The inner query needs to be relational. All columns returned by the inner query must have names (use aliases if the column is the result of an expression), the names must be unique, and the inner query is not allowed to have an ORDER BY clause. *Only TOP/OFFSET-FETCH options in the inner query are allowed to have an ORDER BY, but that’s functional and not for presentation.
Do table expressions have any additional performance side to them?
No. SQL Server un-nests the table’s inner query and therefore interacts with the underlying tables directly. It does not somehow persist the table expression’s result in an internal work table and then interact with that work table.
What column aliasing options are available to you when working with derived tables?
Inline and External. With inline, you specify the column alias as part of the expression as in AS alias. With external, you name all target columns right after the derived table’s name as in FROM (…) AS D(rownum, categoryid, productid, …)
What are some of the problems with derived tables?
(1) It’s difficult to refer to one derived table from another. In such as case, you end up nesting the derived tables. (2) The name assigned to a derived table is not visible to other elements that appear in the same logical query processing phase. As a result, you can’t join multiple instances of the same derived table.
Can multiple CTE’s be defined in the same statement?
Yes. Simply separate them by commas. Each CTE can refer to the previously defined CTE and the outer query can refer to all of them, e.g. WITH C1 AS (…), C2 AS (SELECT FROM C1) SELECT FROM C2…
Can multiple instances of the same CTE be joined?
Yes. Because the CTE name is assigned before the start of the outer query, you can refer to multiple instances of the same CTE name.
Can CTE’s be recursive?
Yes. The body of the recursive CTE has two or more queries - usually separated by a UNION ALL operator: the anchor member and the recursive member which has a reference to the CTE’s name. The recursive member is invoked repeatedly until an empty result set is returned.
What is the APPLY operator?
Used to apply a table expression given to it as the right input to each row from a table expression given to it as the left input. The right table expression can be correlated to the left table. Can replace the use of cursors in some cases. There are two forms of the APPLY operator: (1) CROSS and (2) OUTER.
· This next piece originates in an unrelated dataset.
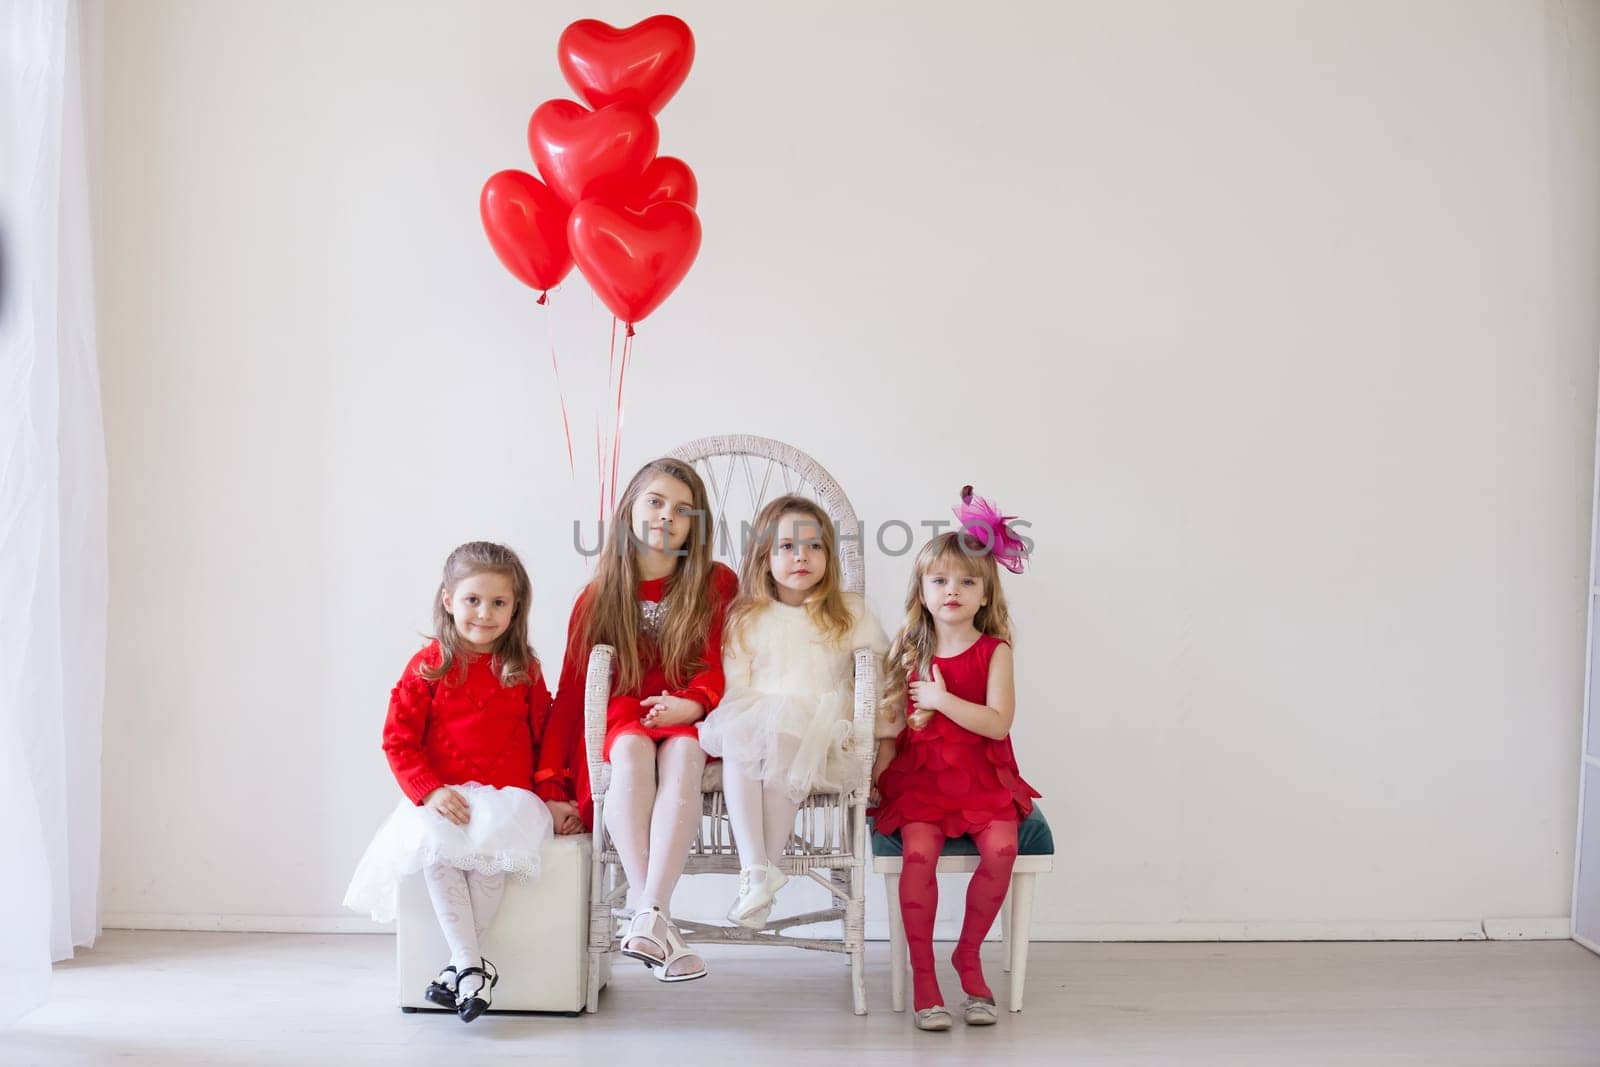 Kids with red balloons for birthday in the interior of the white room

What is the CROSS APPLY operator?
Operates on left and right table expressions. The right table expression can be correlated to the left table. The right table expression is applied to each row from the left input. If the right table expression returns an empty set for a left row, the left row isn’t returned.
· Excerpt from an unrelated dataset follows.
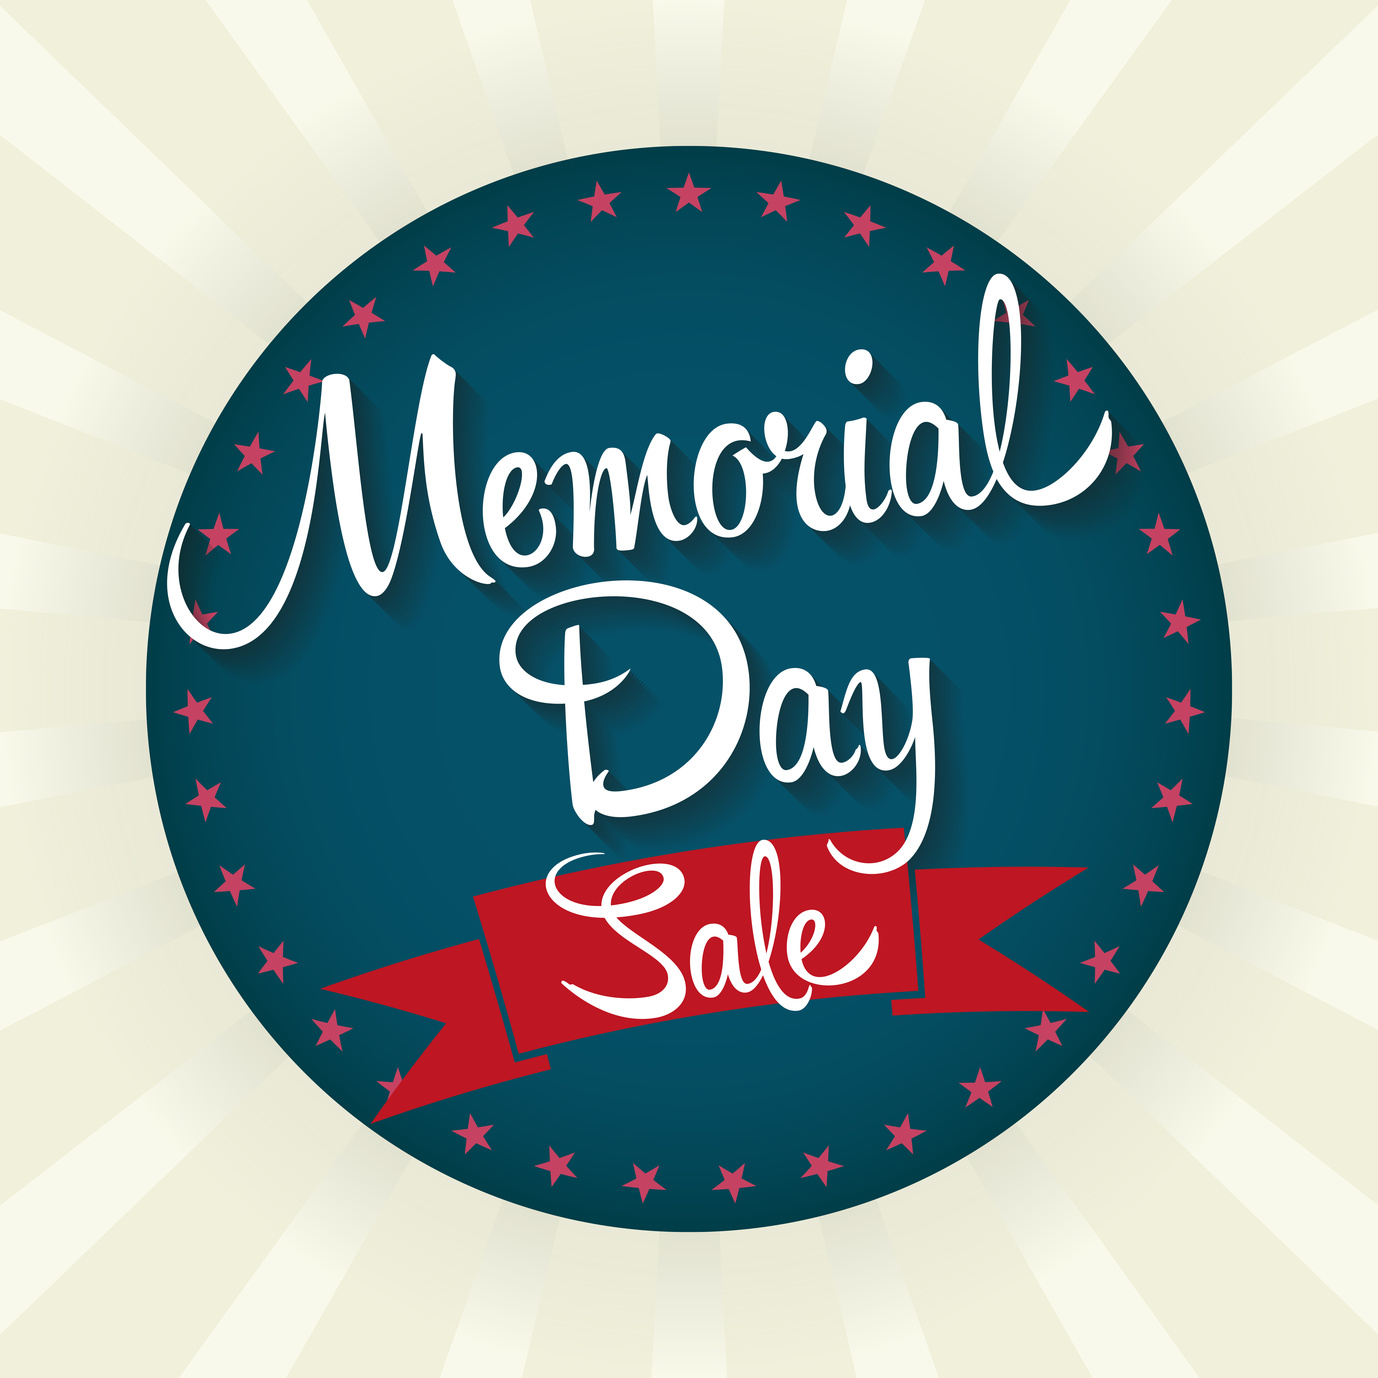 Memorial Day Sale Badge Vector Illustration. Text with Banner and Stars.

What is the OUTER APPLY operator?
The OUTER APPLY operator does what the CROSS APPLY operator does but also includes the result rows from the left side that get an empty set back from the right side. NULLs are used as placeholders for the result columns from the right side. In other words, the OUTER APPLY preserves the left side.
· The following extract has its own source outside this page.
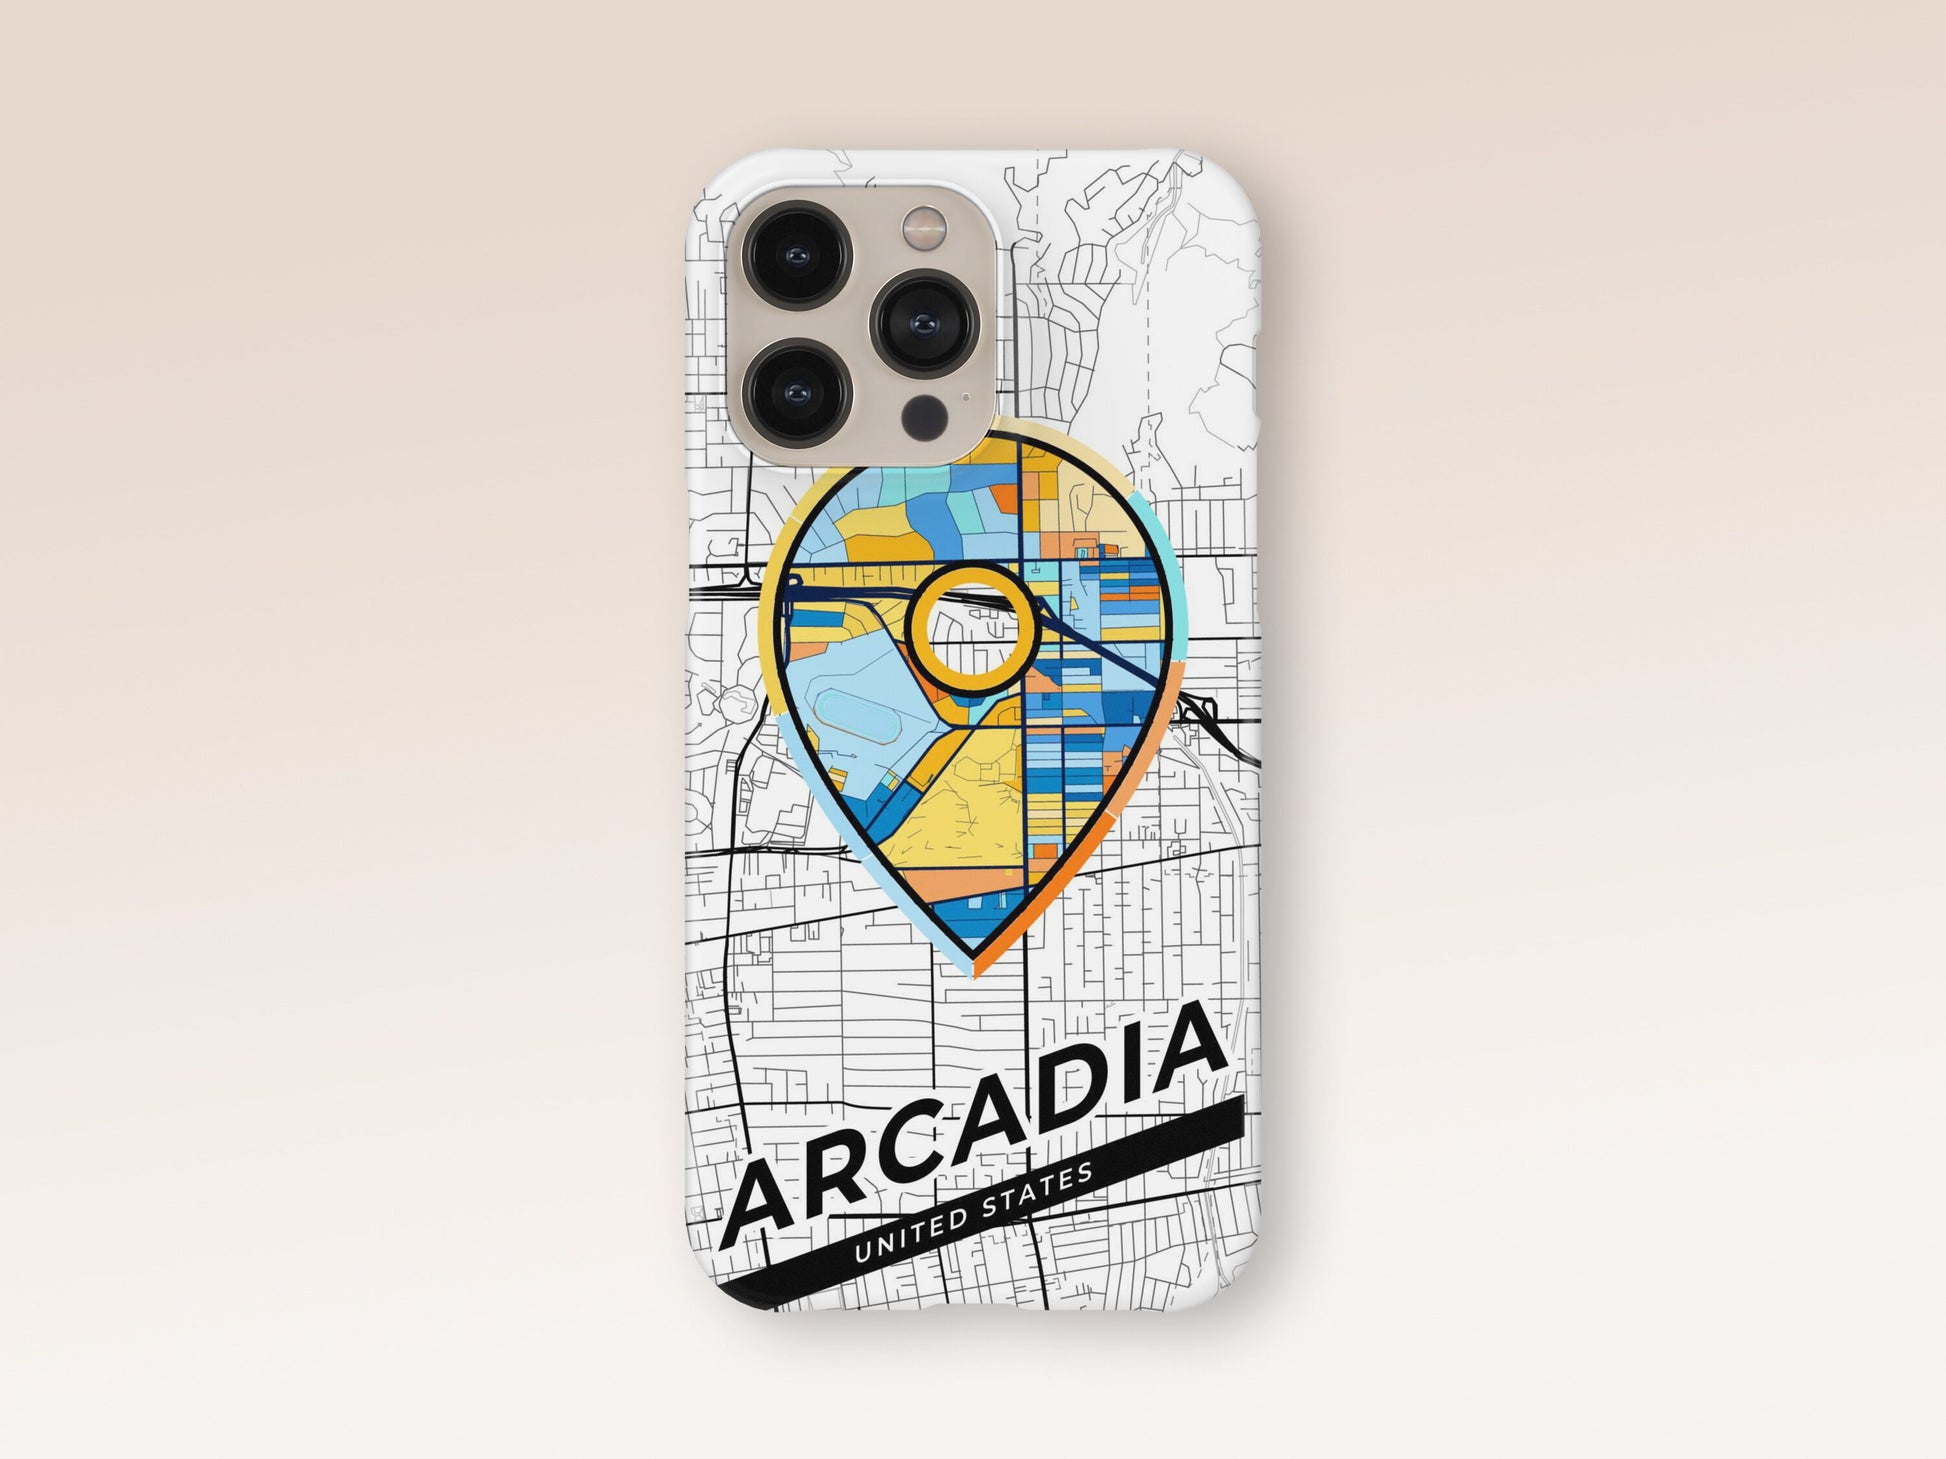 Arcadia California slim phone case with colorful icon. Birthday, wedding or housewarming gift. Couple match cases. 1

What is the difference between the APPLY and JOIN operators?
With a JOIN operator, both inputs represent static relations. With APPLY, the left side is a static relation, but the right side can be a table expression with correlations to elements from the left table.
What is the difference between CROSS APPLY and CROSS JOIN when there isn’t any correlation between the right and left tables?
There isn’t any difference when there’s no correlation between the left and right tables. CROSS APPLY applies all rows from T2 to each row from T1.
What are the set operators that T-SQL supports?
(1) UNION, (2) INTERSECT, (3) EXCEPT. It also supports one multi-set operator: UNION ALL.
What are the general guidelines that accompany set operators?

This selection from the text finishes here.